Strategies for reducing the environmental impact of reprocessing mercury-contaminated tailings in the artisanal and small-scale gold mining sector: insights from Tapajos River Basin,Brazil

Worldwide, the environmental impacts of artisanal and small-scale gold mining (ASGM) are extensive. Annual losses from mercury, which is used to amalgamate gold, are in the range of 1000 tonnes, and at advanced sites, there is the additional threat of cyanide contamination.Recent developments in The Brazilian Amazon, an area populated by 200,000 small-scale gold miners, have the potential to reduce these impacts considerably. In the locality of Garimpo Ouro Roxo, miners are presently using amalgamation and cyanidation in vat-leaching.

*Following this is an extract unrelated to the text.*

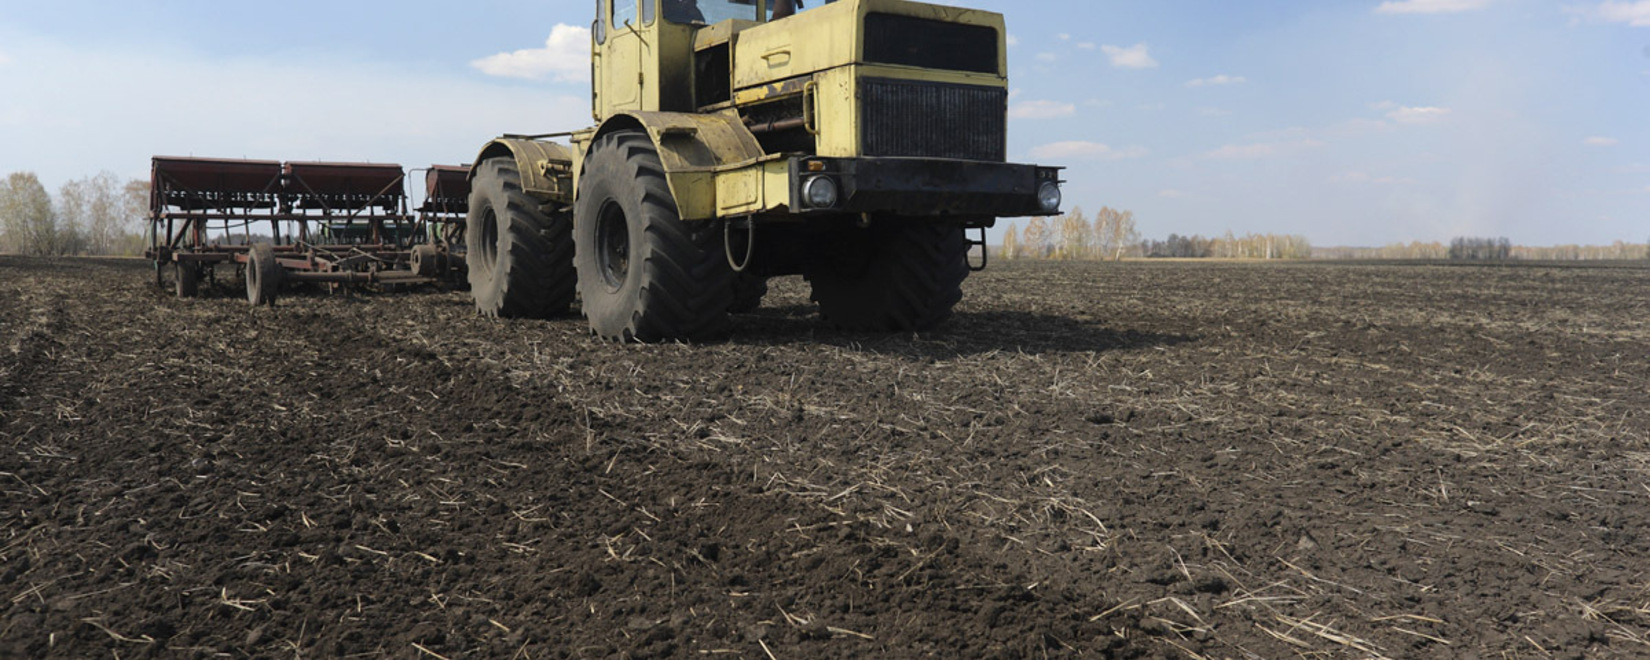 К весенне-полевым работам приступили хозяйства трех районов Томской области

Each cycle typically recovers 50% of the gold and lasts 20 days (per tank), consuming around 3300 kg NaCN/month. A new process has been developed and implemented in a pilot plant in this area, involving gravity concentration followed by cyanidation in a ball mill. Concentrate leaching is conducted with a PVC capsule filled with activated carbon inserted in the cyanide solution in the mill. The cycle takes less than 24 h and recovers up to 98% of the gold in the concentrate. The main advantages of wide adoption of this method, apart from a reduced gold recovery cycle and improved recovery, include possible phase out of amalgamation altogether, and marked reductions in cyanide consumption (from current 22,000 kg–980 kg annually).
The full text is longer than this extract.